Als gegen Kriegsende die Alliierten immer weiter vorrückten, entschied das damalige "Institut für Denkmalpflege", wertvolle Kunstschätze im Altausseer Salzberg vor Bombardement und Zerstörung zu schützen. Auch zwei Holzkisten mit den Göttweiger "Manuskriptbänden" – 98 mittelalterliche Bücher – landeten dort. Am 27. April 1945 wurde jedoch entschieden, das Salzlager zu räumen. Die Lkw mit den Kunstschätzen kamen aber nicht mehr weit. Nach wenigen Wochen entdecken amerikanische Soldaten (siehe Zusatzbericht) ein Kunst-Depot in einem Gasthaus in Bad Ischl. Über die in München eingerichtete zentrale Sammelstelle für von den Nazis geraubte Kunstwerke gelangen die Handschriften schließlich zurück. Ein langwieriger Prozess: Am 23. Juni 1948 übernimmt der Kremser Stadtarchivar Fritz Dworschak die Manuskripten-Kisten vom österreichischen Bundesdenkmalamt.

Fehlendes Buch

"Ein Buch ist aber bis heute verschollen", weiß Bernhard Rameder, Kunsthistoriker im Stift Göttweig. Es handelt sich um einen sogenannten "Nekrolog", ein Totenbuch aus dem 18. Jahrhundert.

Foto: /Stift Göttweig Bernhard Rameder Man merkt Rameder dessen geweckten Spürsinn an, wenn er erzählt: "Nachdem das Buch 1947 zuletzt dokumentiert ist, hat es den Krieg überstanden und könnte sich heute in einem oberösterreichischen Kloster befinden, wohin es vielleicht irrtümlich gelangt ist." Rameders Recherchen laufen. "Aber wir suchen nicht danach, weil wir glauben, zu wenig zu haben. Wir wollen Licht in die Sache bringen."

Goldschatz

Was aber geschah mit den Göttweiger Goldmünzen? Sie sollten gemeinsam mit anderen geraubten Münzen – insgesamt 2200 Stück – von Altaussee auf den bayrischen Obersalzberg gebracht werden. Als der Nazi-Führung auch dieser Ort nicht mehr sicher scheint, gibt Reichsleiter Martin Bormann den Befehl, den Goldschatz entweder nach Südtirol, in die "Reichsfestung Tirol", zu bringen oder zu vernichten. Dazu kam es nicht mehr. Der mit der Rettung der Münzen Beauftragte ließ den Goldschatz an den Erzbischof von Salzburg aushändigen. Allerdings nicht zur Gänze, wie amerikanische Kunstforscher 1946 feststellten: Knapp 400 Goldmünzen fehlten, darunter jene aus Göttweig. Ihr Verbleib ist bis heute nicht aufgeklärt.

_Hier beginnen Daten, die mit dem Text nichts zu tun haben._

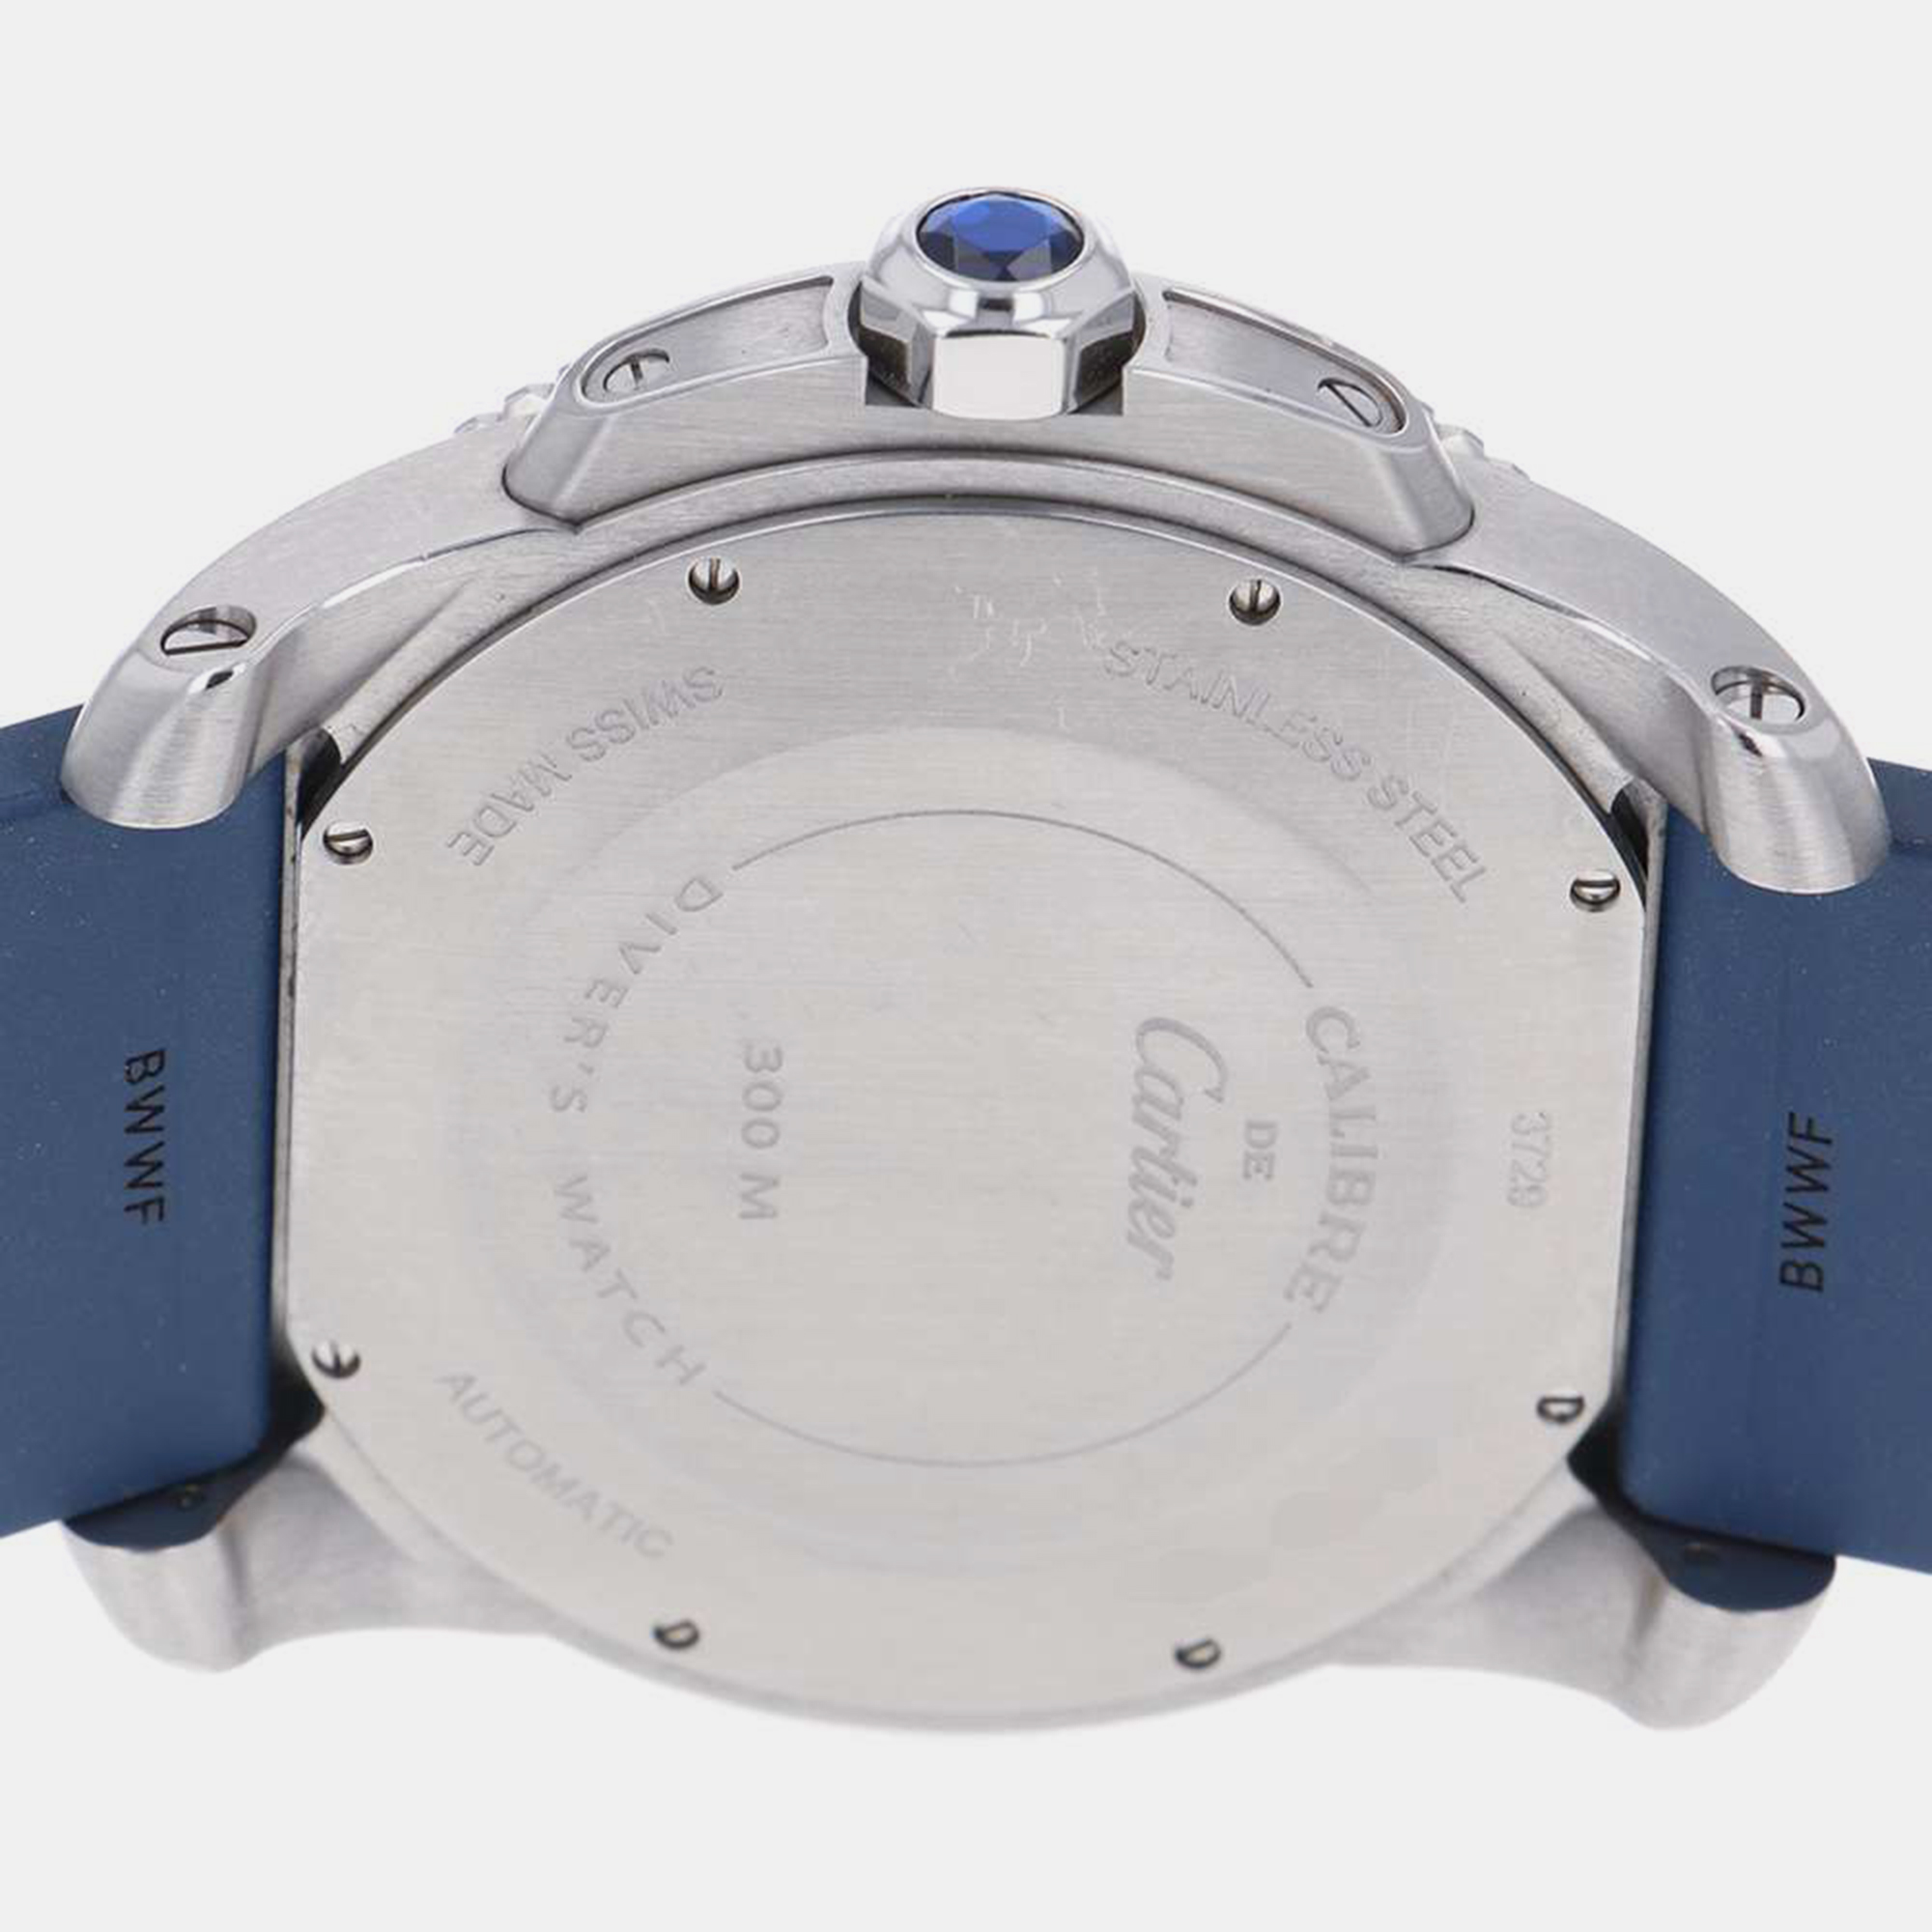 Cartier Blue Stainless Steel Calibre De Cartier WSCA0011 Automatic Men's Wristwatch 42 Mm

Es waren vor allem die Amerikaner, die nach dem Zweiten Weltkrieg erfolgreich nach geraubten Kunstschätzen und Kulturgütern suchten, um sie zurück an die entsprechenden Orte zu bringen. Im Film "Monuments Men" widmete sich Hollywood dem Thema. Regisseur und Hauptdarsteller George Clooney erzählt die Geschichte der "Monuments, Fine Arts and Archives Section" (MFAA), einer Abteilung der US-Armee zum Schutz von Kunstgütern.

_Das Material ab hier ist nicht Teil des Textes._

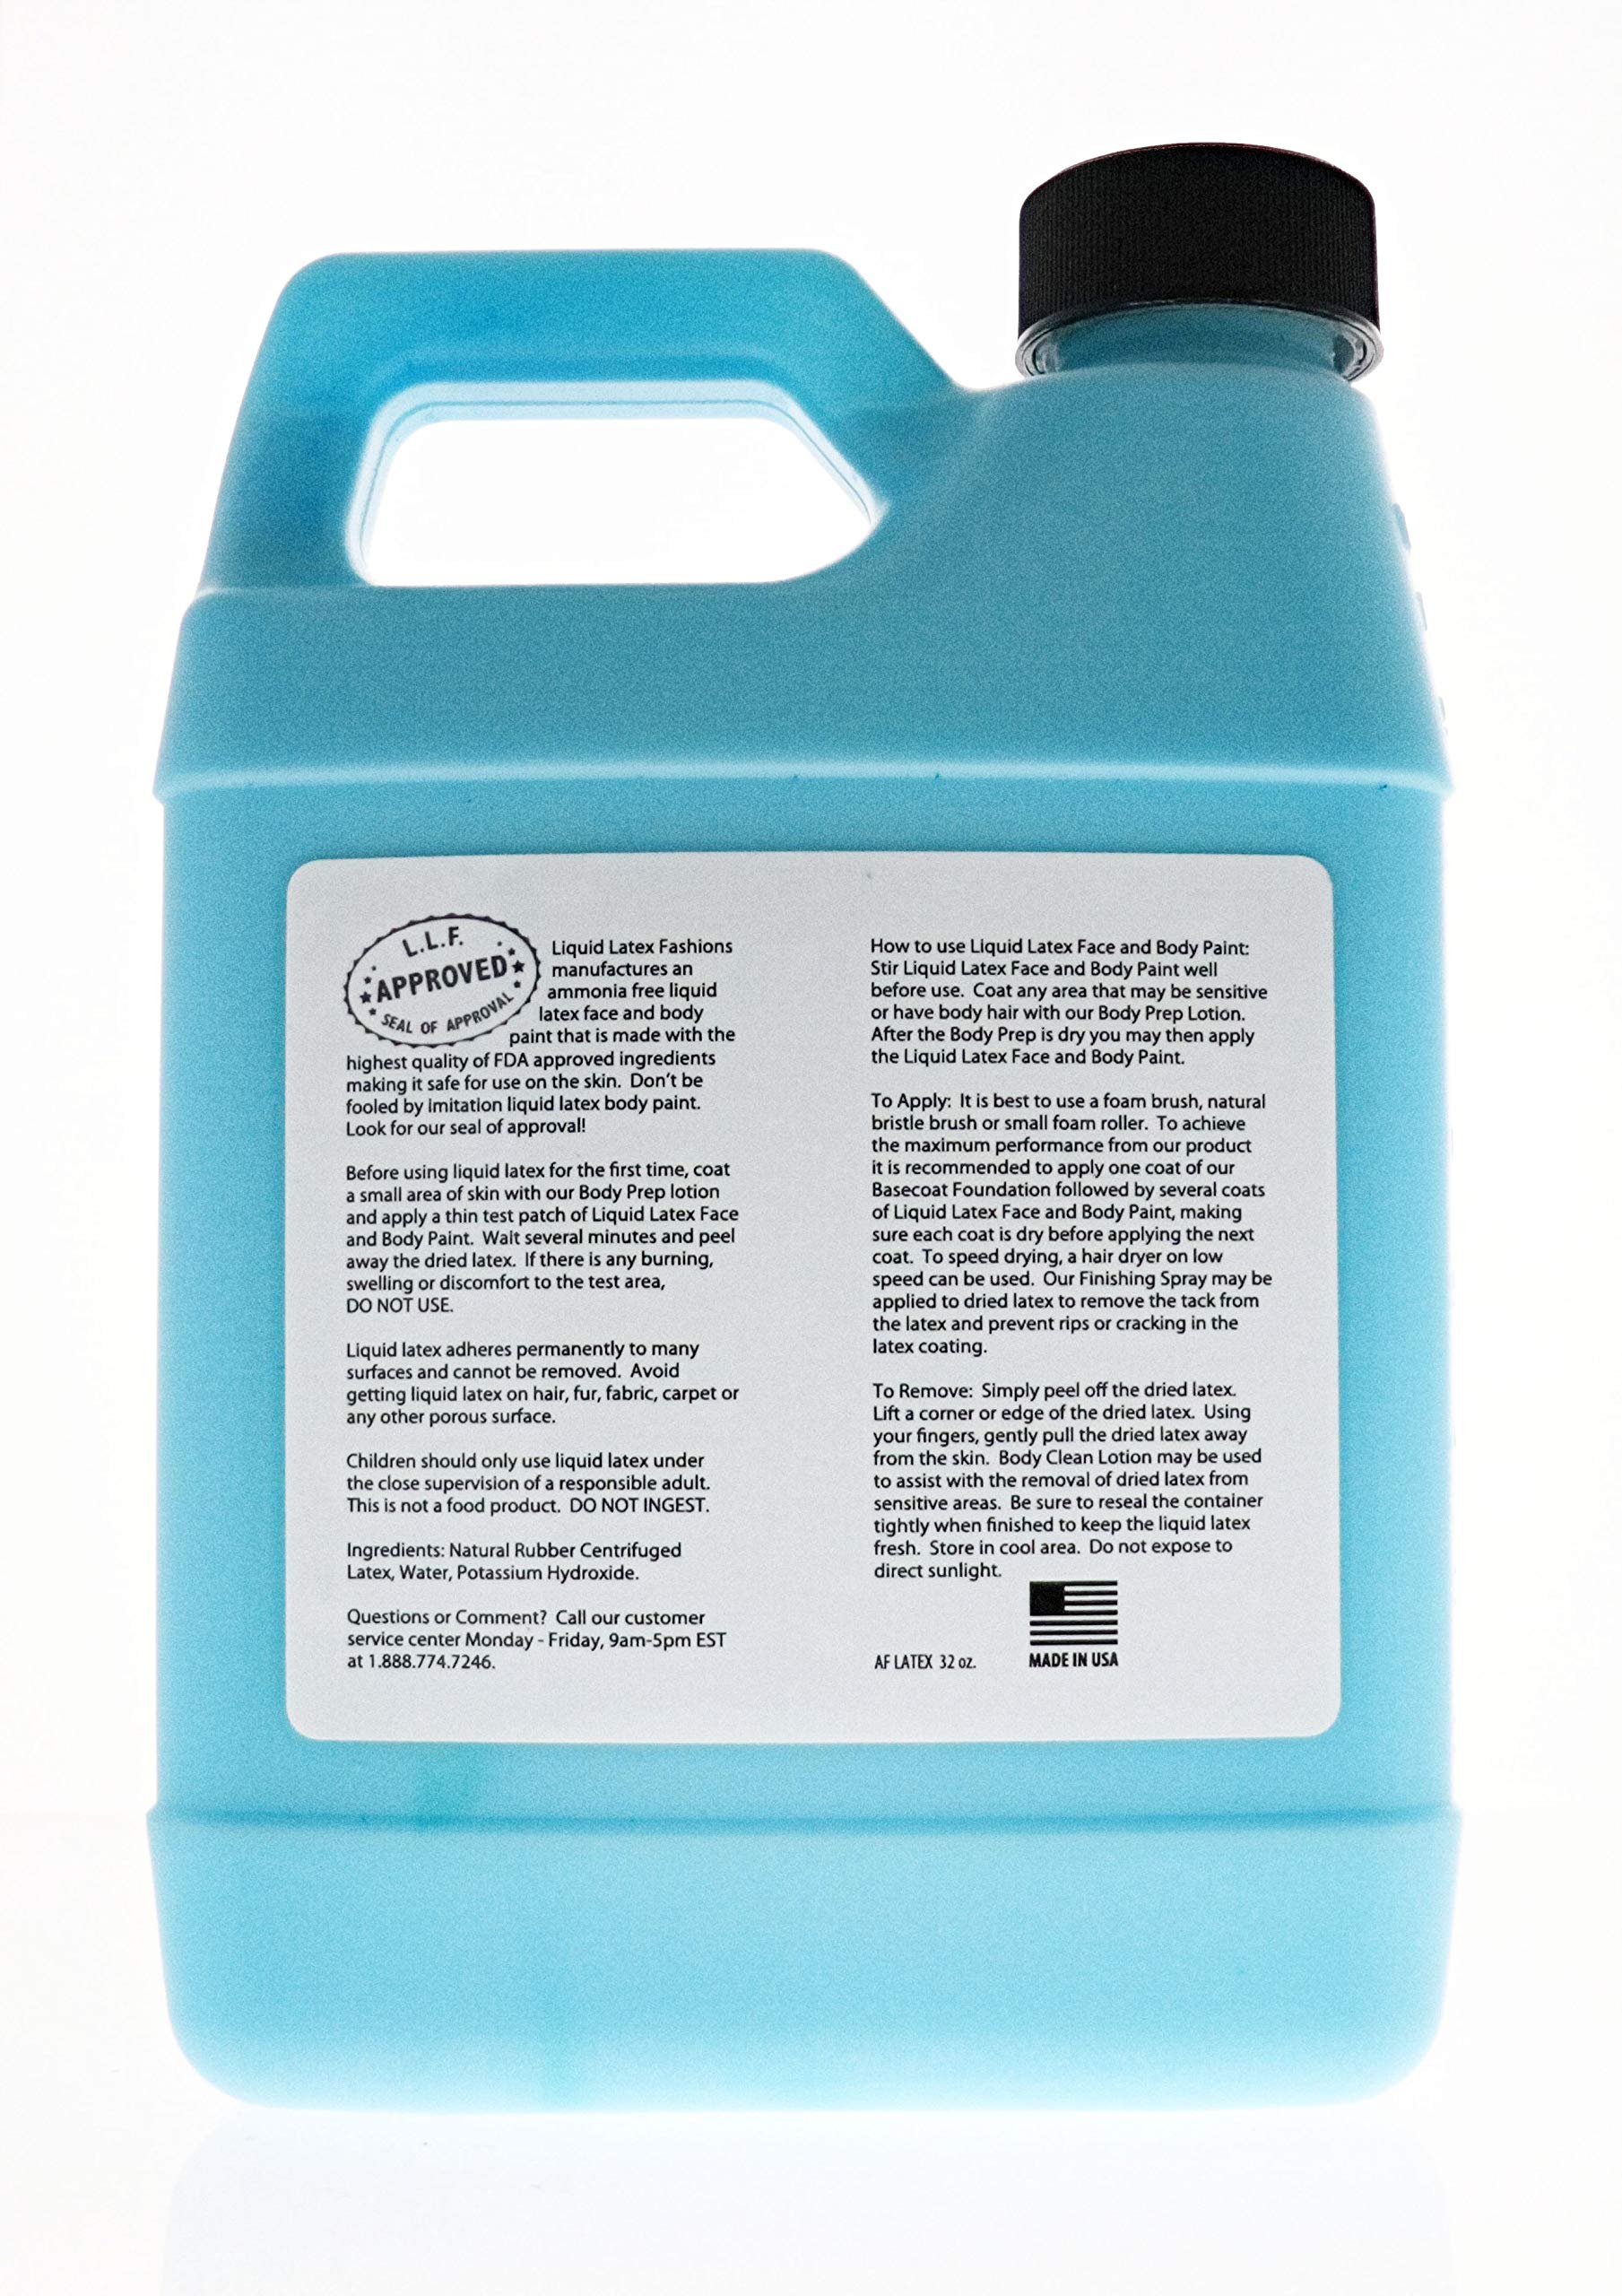 Liquid Latex Fashions Ammonia Free Liquid Latex Body Paint - 32oz Teal

Auch heute noch wird nach verschollenen Kunstschätzen gesucht. "Die fortschreitende Digitalisierung etwa von Museumsstücken macht uns die Suche mitunter viel einfacher", sagt Kunsthistoriker Bernhard Rameder. "So hat sich etwa vor zwei Jahren eine Schweizer Kunstsammlung bei uns gemeldet, weil sie etwas hatte, das ursprünglich aus Stift Göttweig stammt." An Rückkäufen sei man aber so gut wie nicht interessiert. Das ist vor allem auch den Preisen geschuldet. Ein Mozart-Autograf (eigenhändige Niederschrift, Anm.) etwa, versehen mit Göttweiger Stempel, sei in London um 800.000 Euro versteigert worden. "Da reicht uns, zu wissen, wo die Stücke heute sind."

Unbewegliche Kulturgüter, vor allem Bauwerke, werden gesondert geschützt und sind mit dem markanten blau-weißen Schild gekennzeichnet. Österreich zählt in diesem Bereich zu den führenden Nationen, einige der international gefragtesten zivilen wie militärischen Experten sind Österreicher. Seit 2015 gibt es an der Donau-Uni Krems auch ein eigenes "Zentrum für Kulturgüterschutz". Dieses Team unterstützt bei der Erstellung von Notfallplänen und richtet regelmäßig entsprechende Übungen aus.